● **Your instructions**
Reproduce, without alteration, every line of the data; exclude the images.

● **Material provided**
-=-=-

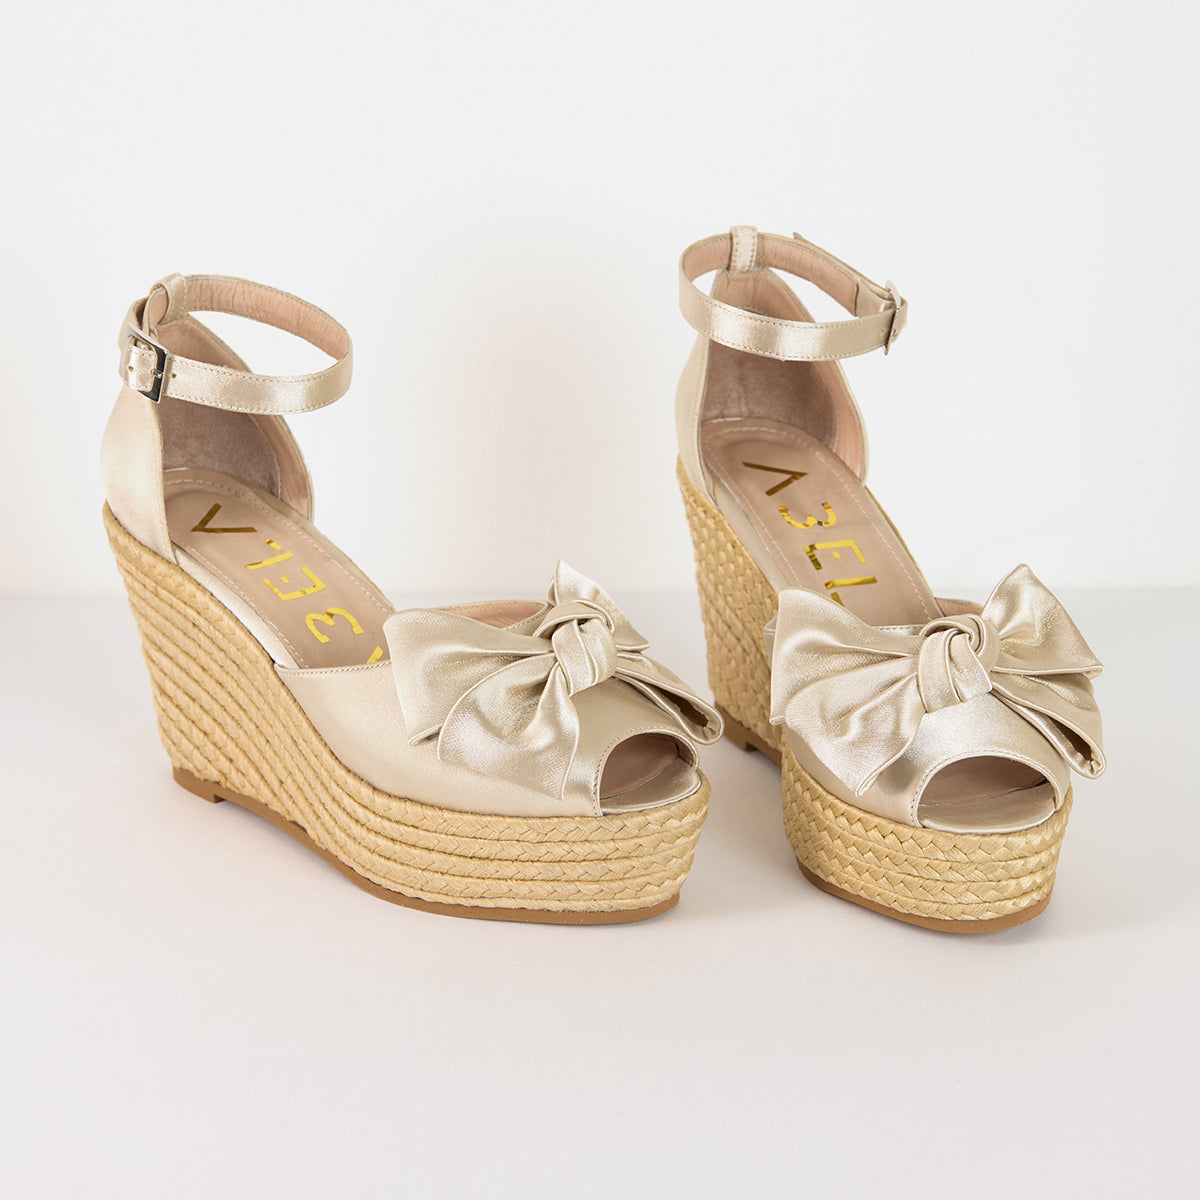 Vera heels - Size 34
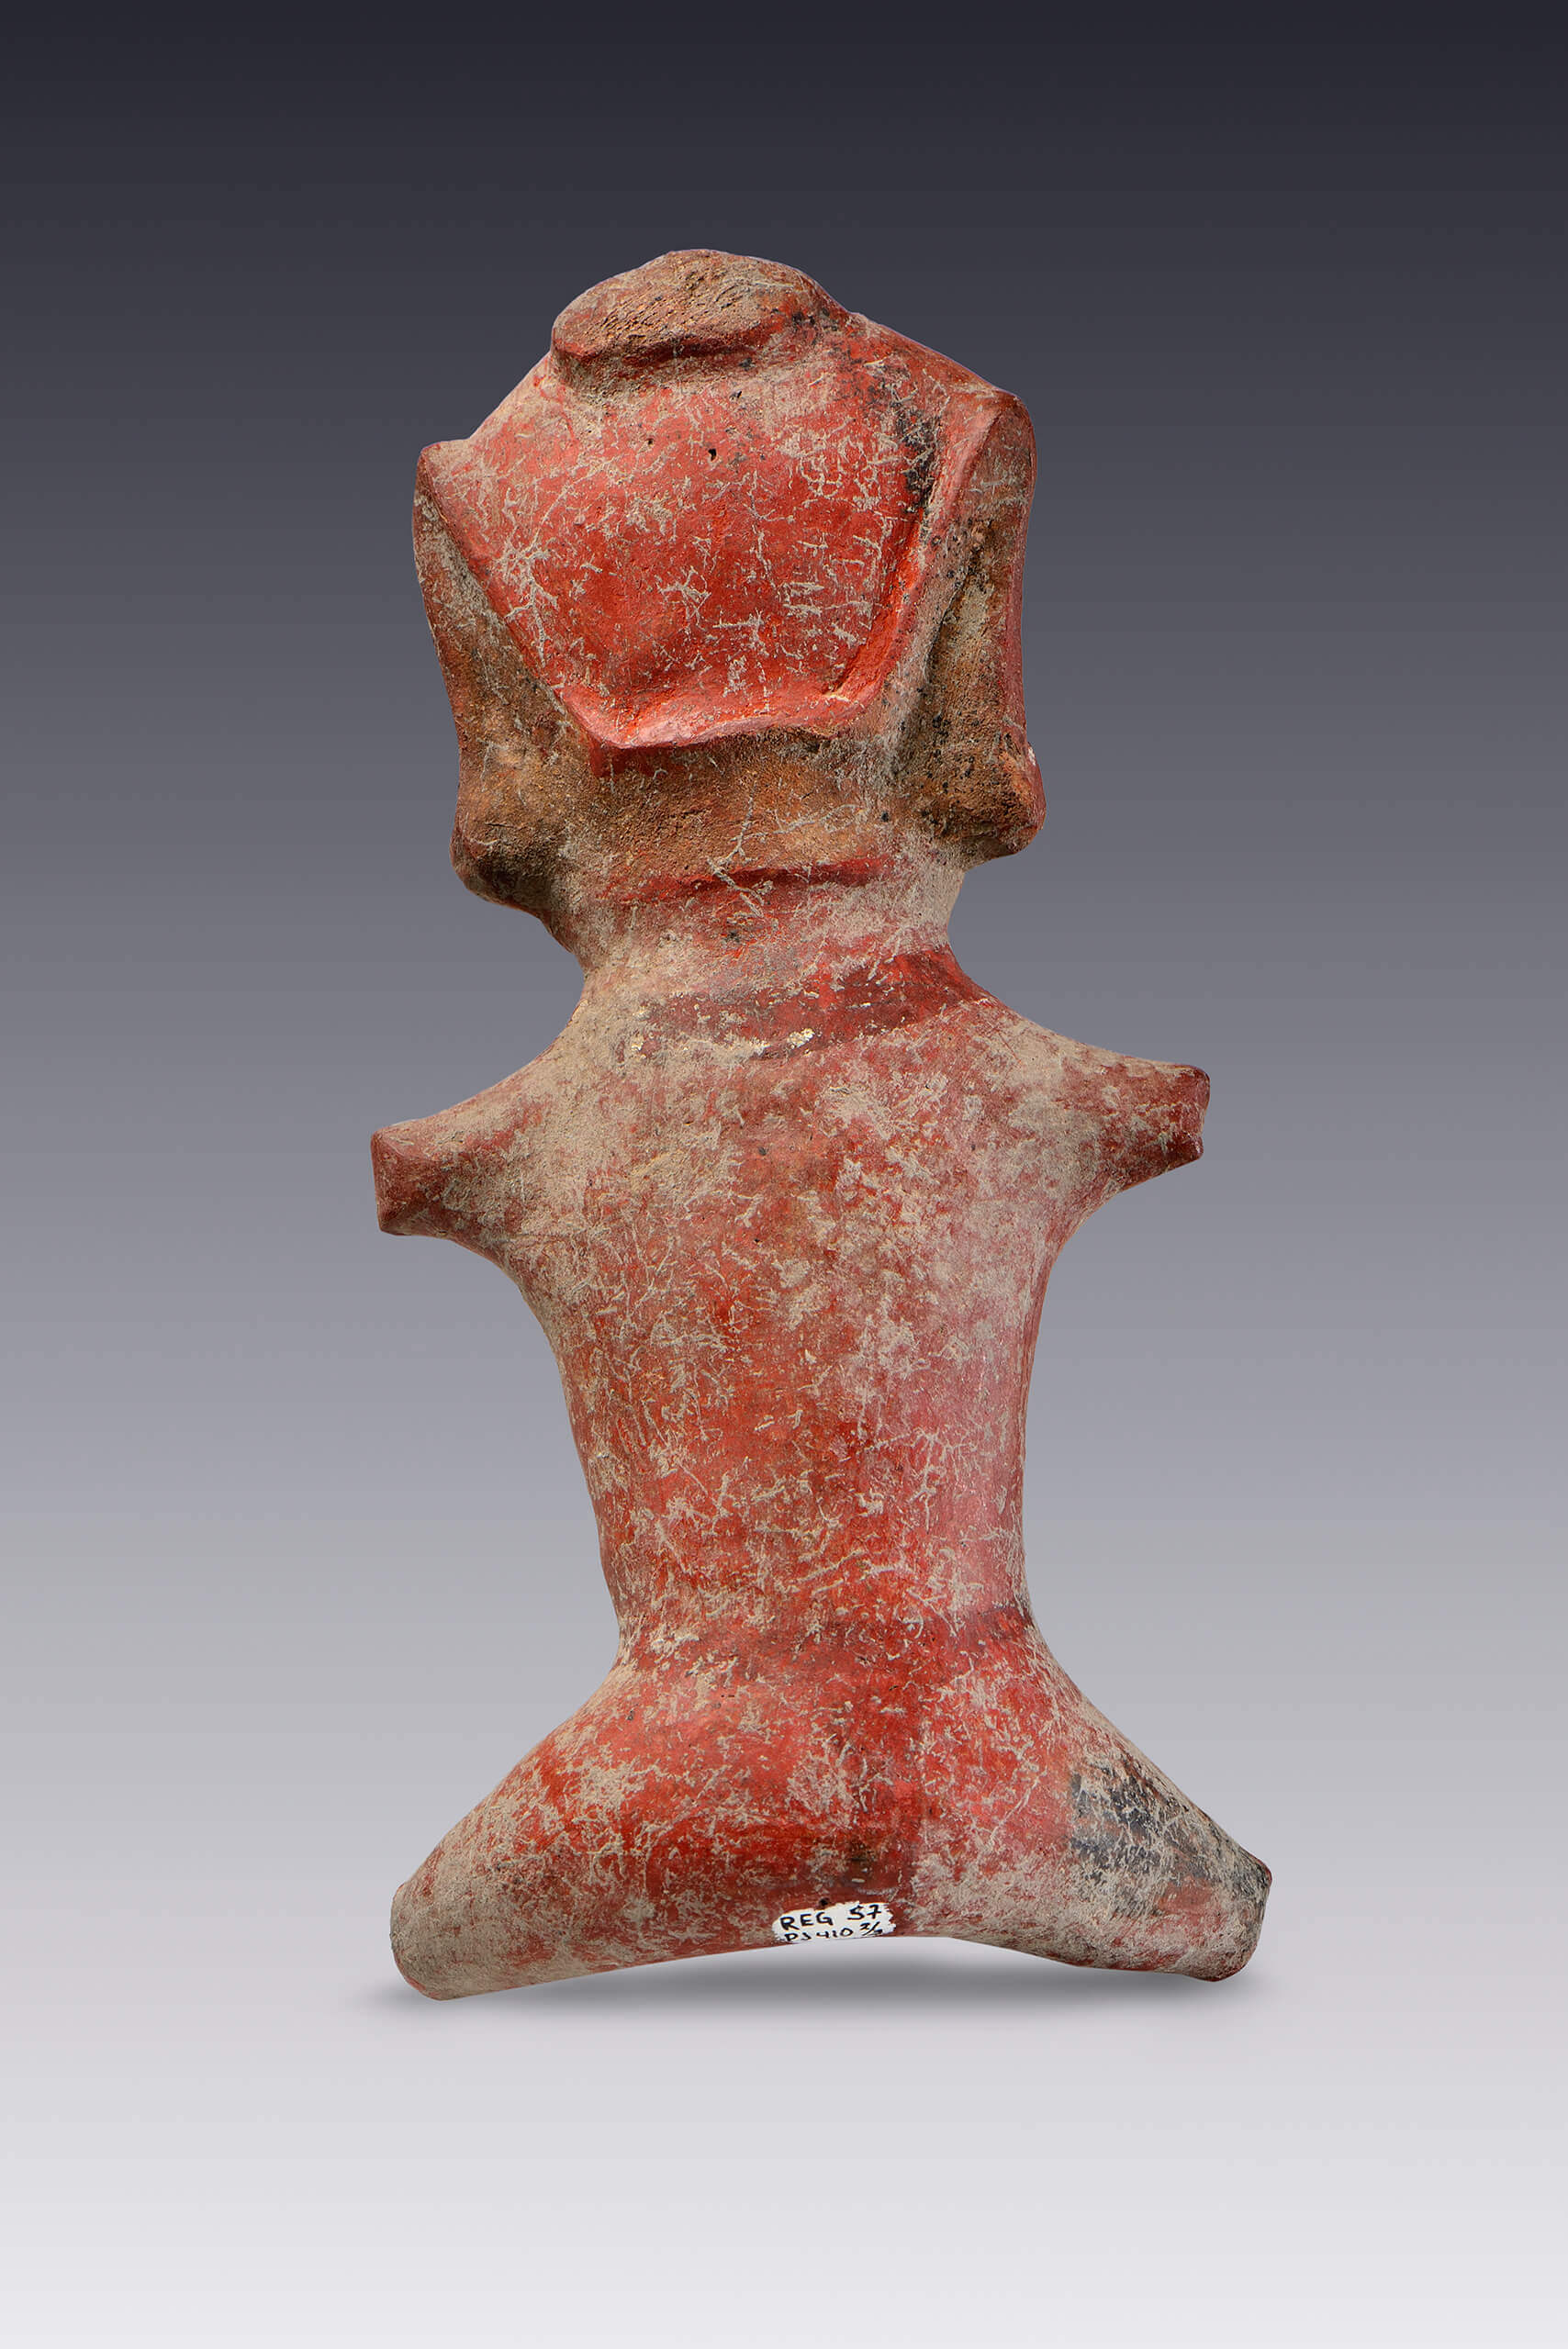 Mujeres sentadas y pintadas de rojo | El México antiguo. Salas de Arte Prehispánico | Museo Amparo, Puebla
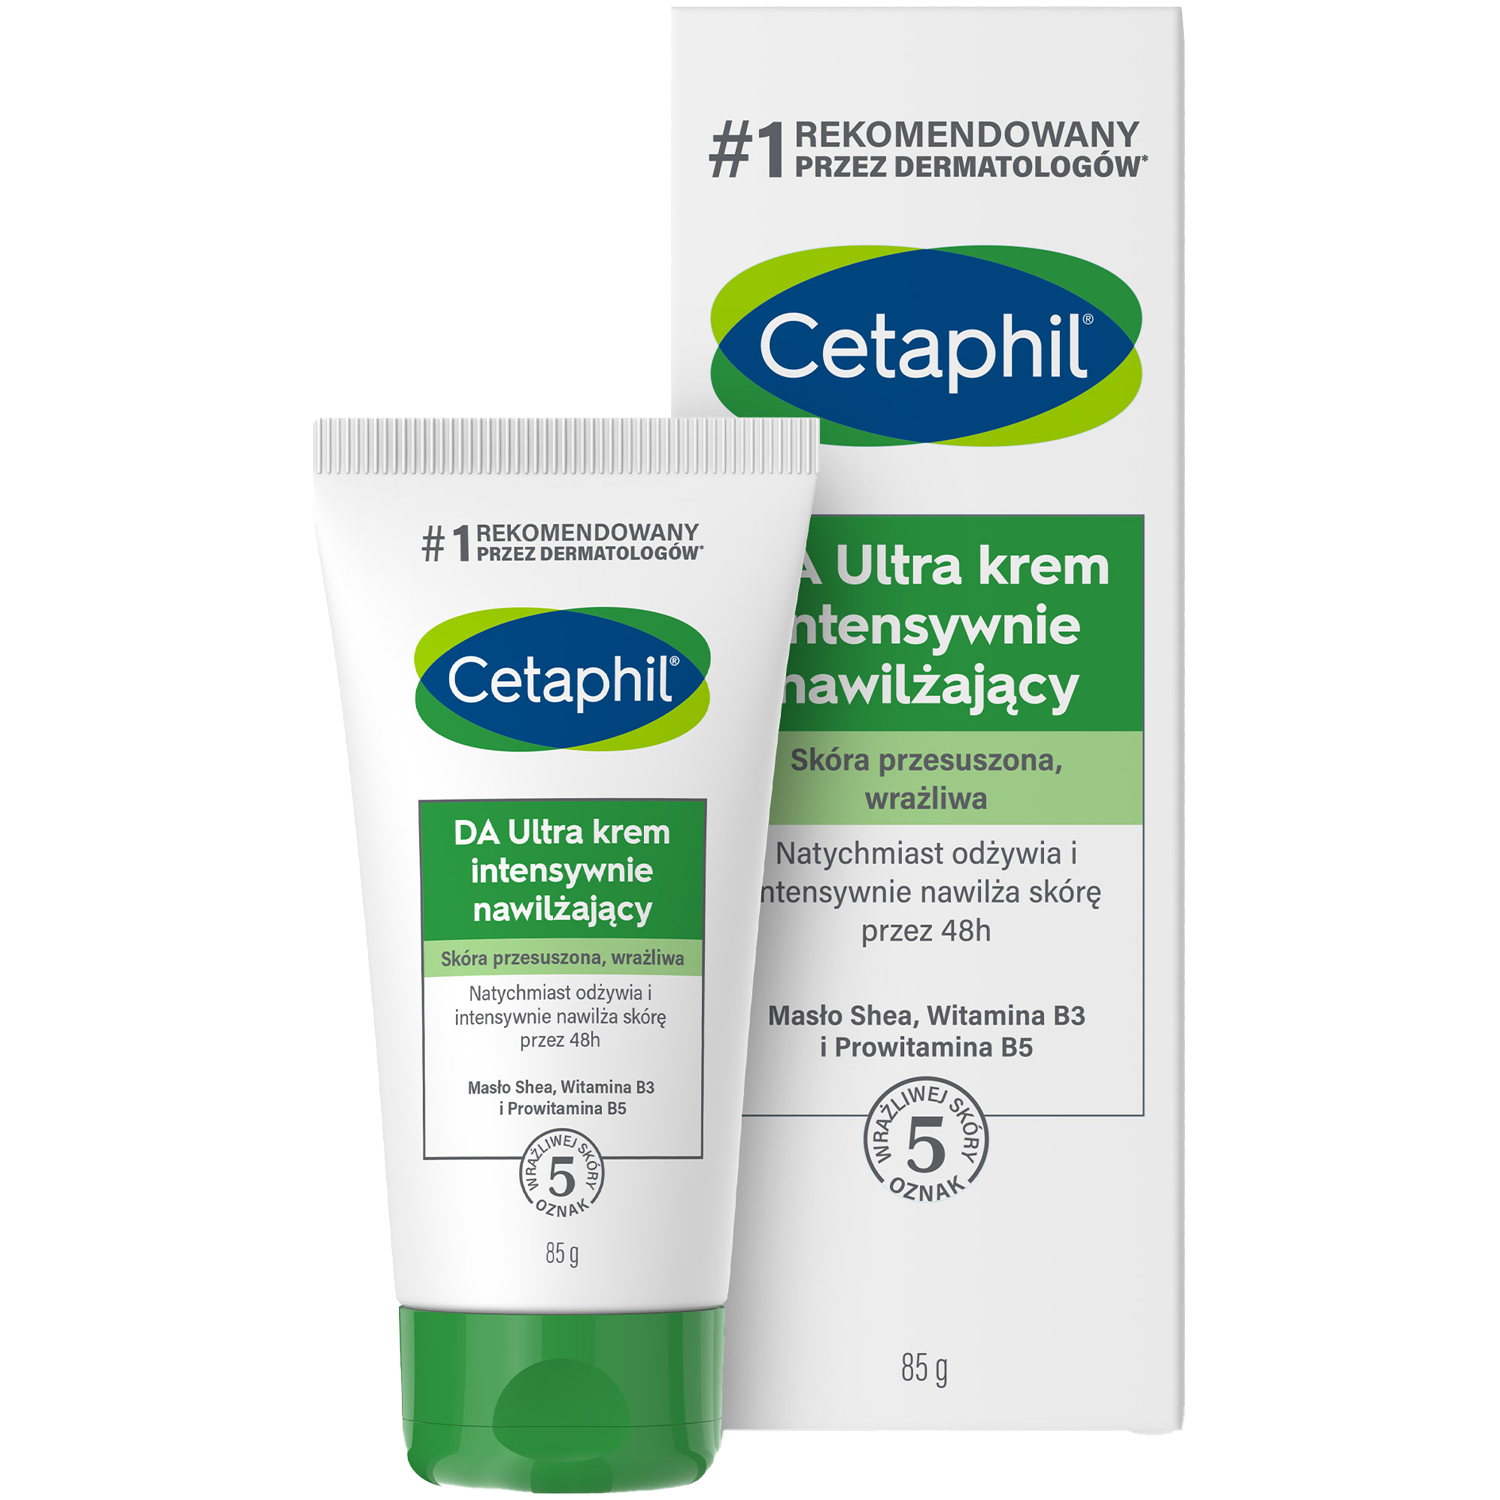 Cetaphil DA Ultra krem intensywnie nawilżający do twarzy, 85 g | hebe.pl

-=-=-

● **Answer for this exercise**
 Vera heels - Size 34
 Mujeres sentadas y pintadas de rojo | El México antiguo. Salas de Arte Prehispánico | Museo Amparo, Puebla
 Cetaphil DA Ultra krem intensywnie nawilżający do twarzy, 85 g | hebe.pl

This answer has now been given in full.